By default, data is extracted for the top layer only. Data is provided for the following seven layers (depths in cm).

Layer Top depth Bottom depth
1 0 20
2 20 40
3 40 60
4 60 80
5 80 1000
6 100 150
7 150 200

The following settings specify data extraction for the C:N ratio of the top three layers. The returned value is the mean across selected soil layers, weighted by the respective layer’s depth. dir specifies the path to the downloaded data bundle. Don’t change the structure of it. ingestr reads from two files: <dir>/GISfiles/wise30sec_fin and <dir>/Interchangeable_format/HW30s_FULL.txt.

settings_wise <- get_settings_wise(varnam = c("CNrt"), layer = 1:7)

Now, the data can be ingested.

df_wise <- ingest_bysite(
  sitename  = "CH-Lae",
  source    = "wise",
  lon       = 8.36439,
  lat       = 47.47833,
  settings  = settings_wise,
  dir       = "~/data/soil/wise"
  )

GSDE Soil

Global Soil Dataset for use in Earth System Models (GSDE) by Shangguan et al. 2014, obtained from here. Available variables are given in the table below.

No. Attribute units variable name
1 total carbon %of weight TC
2 organic carbon %of weight OC
3 total N %of weight TN
7 pH(H2O) PHH2O
8 pH(KCl) PHK
9 pH(CaCl2) PHCA
15 Exchangeable aluminum cmol/kg EXA
27 The amount of P using the Bray1 method ppm of weight PBR
28 The amount of P by Olsen method ppm of weight POL
29 P retention by New Zealand method % of weight PNZ
30 The amount of water soluble P ppm of weight PHO
31 The amount of P by Mehlich method ppm of weight PMEH
33 Total P % of weight TP
34 Total potassium % of weight TK

The 8 layers are:

df_layers <- tibble(layer = 1:8, bottom = c(4.5, 9.1, 16.6, 28.9, 49.3, 82.9, 138.3, 229.6)) %>% 
  mutate(top = lag(bottom)) %>% 
  mutate(top = ifelse(is.na(top), 0, top))
df_layers

Specify the settings directly as a list with elements varnam (a vector of character strings specifying the variables as defined in the table above), and layer (a vector of integers specifying the layers over which a depth-weighted average is taken).

settings_gsde <- list(varnam = c("TN", "PBR", "PHH2O"), layer = 1:3)

Now, the data can be ingested.

df_gsde <- ingest_bysite(
  sitename  = "CH-Lae",
  source    = "gsde",
  lon       = 8.36439,
  lat       = 47.47833,
  settings  = settings_gsde,
  dir       = "~/data/soil/shangguan"
  )

And data is returned with variables along columns inside a nested column data, and sites along rows (as for all ingestr).
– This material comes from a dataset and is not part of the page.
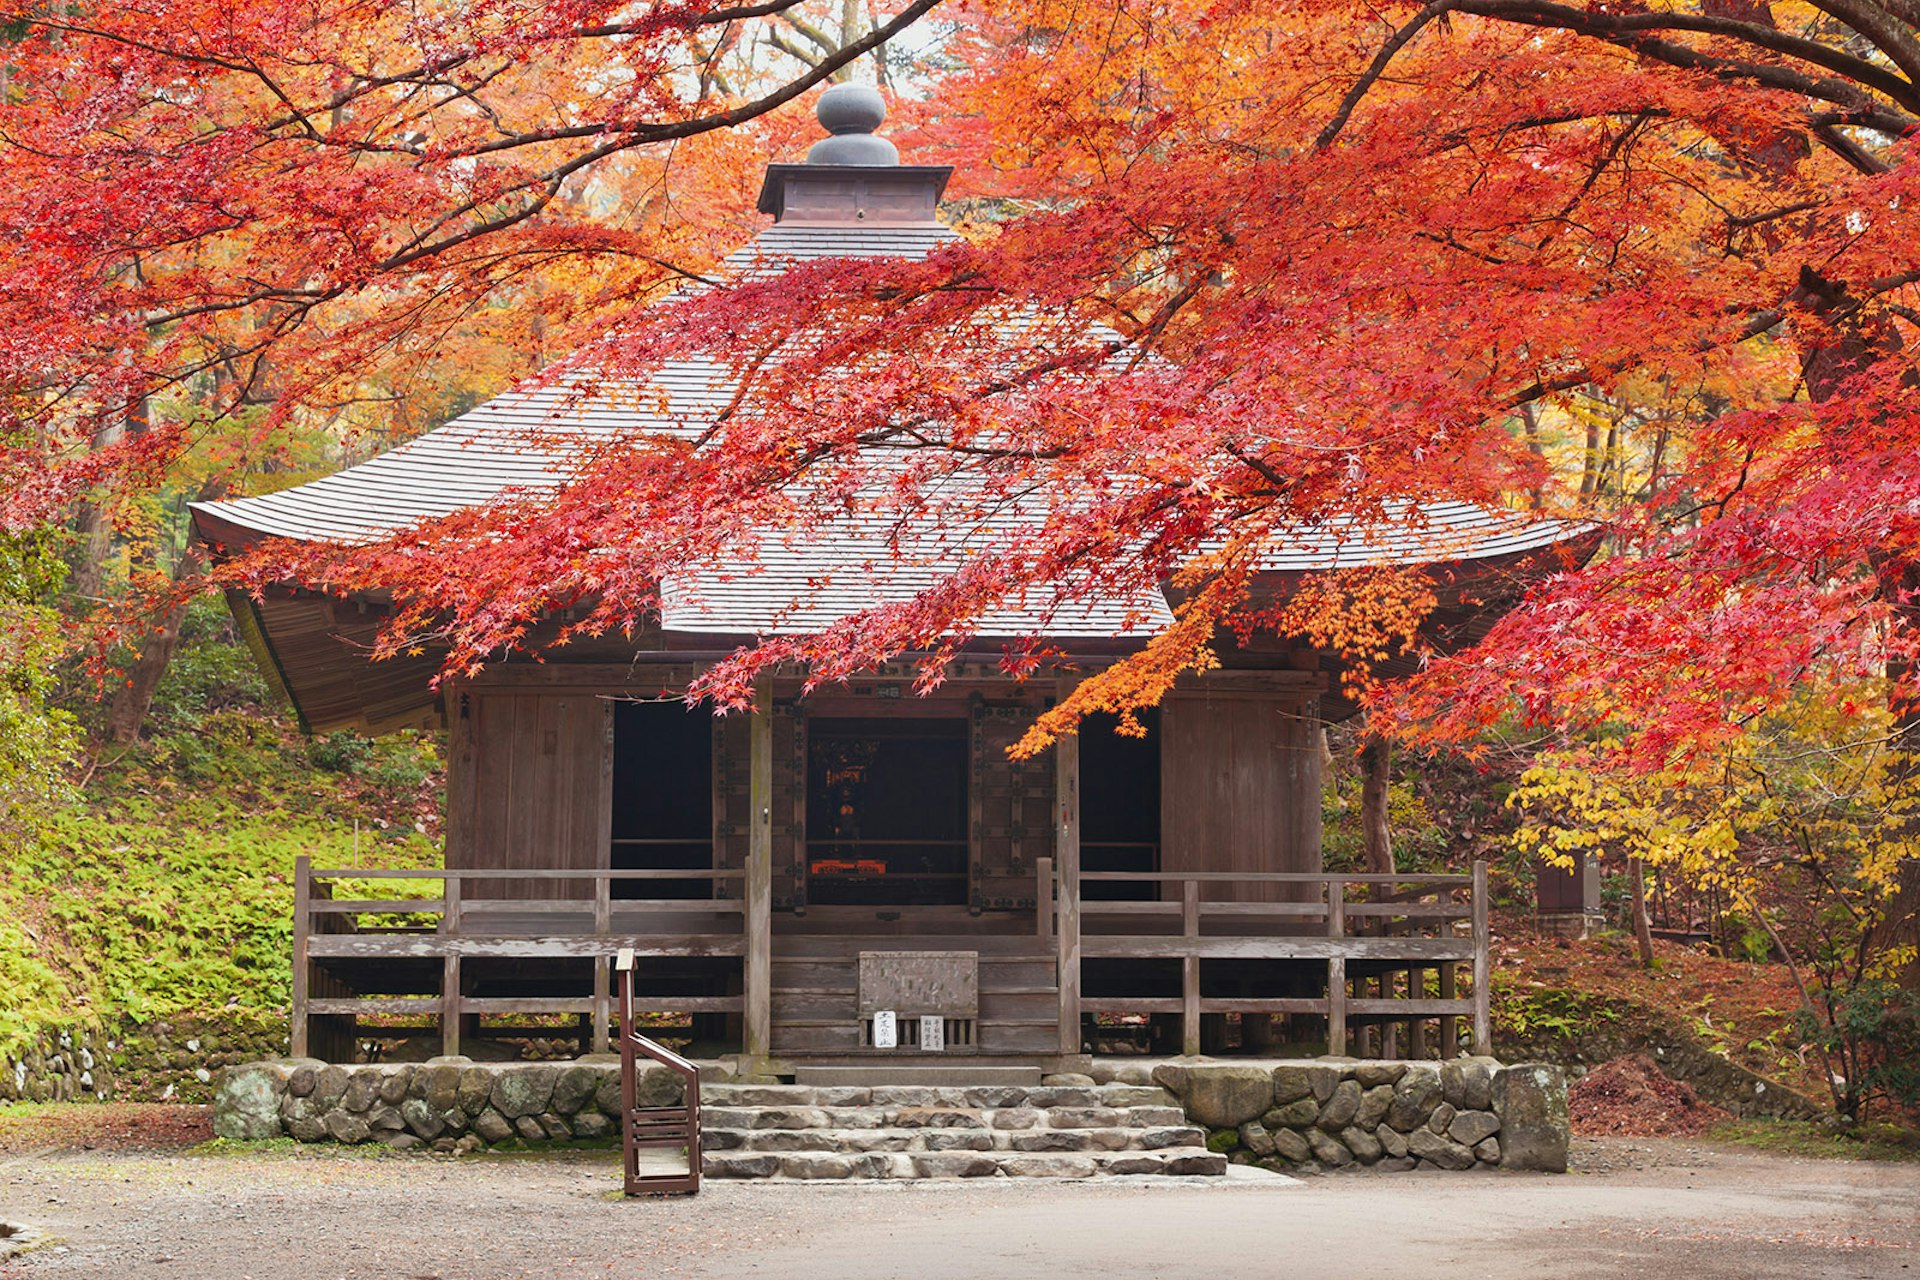 A wooden temple building surrounded by bright red foliage.

Make it flat by:

df_gsde %>% 
  unnest(data)

WorldClim

This ingests Worldclim monthly climatology (averaged over 1970-2000) at 30 seconds spatial resolution by Fick & Hijmans, 2017, obtained here. Available variables are:

Variable name Description Units
bio Bioclimatic variables (description here)
tmin Minimum temperature °C
tmax Maximum temperature °C
tavg Average temperature °C
prec Precipitation mm
srad Solar radiation kJ m-2 day-1
wind Wind speed m s-1
vapr Water vapour pressure kPa

Specify the settings directly as a list with elements varnam (a vector of character strings specifying the variables as defined in the table above), and layer (a vector of integers specifying the layers over which a depth-weighted average is taken).

settings_worldclim <- list(varnam = c("bio"))

Now, the data can be ingested.

df_worldclim <- ingest_bysite(
  sitename  = "CH-Lae",
  source    = "worldclim",
  lon       = 8.36439,
  lat       = 47.47833,
  settings  = settings_worldclim,
  dir       = "/data/archive/worldclim_fick_2017/data"
  )

And for Flat-Earthers:

df_worldclim %>% 
  unnest(data)

Examples for a site ensemble

To collect data from an ensemble of sites, we have to define a meta data frame, here called siteinfo, with rows for each site and columns lon for longitude, lat for latitude, date_start and date_end for required dates (Dates are objects returned by a lubridate::ymd() function call - this stands for year-month-day). The function ingest() can then be used to collect all site-level data as a nested data frame corresponding to the metadata siteinfo with an added column named data where the time series of ingested data is nested inside.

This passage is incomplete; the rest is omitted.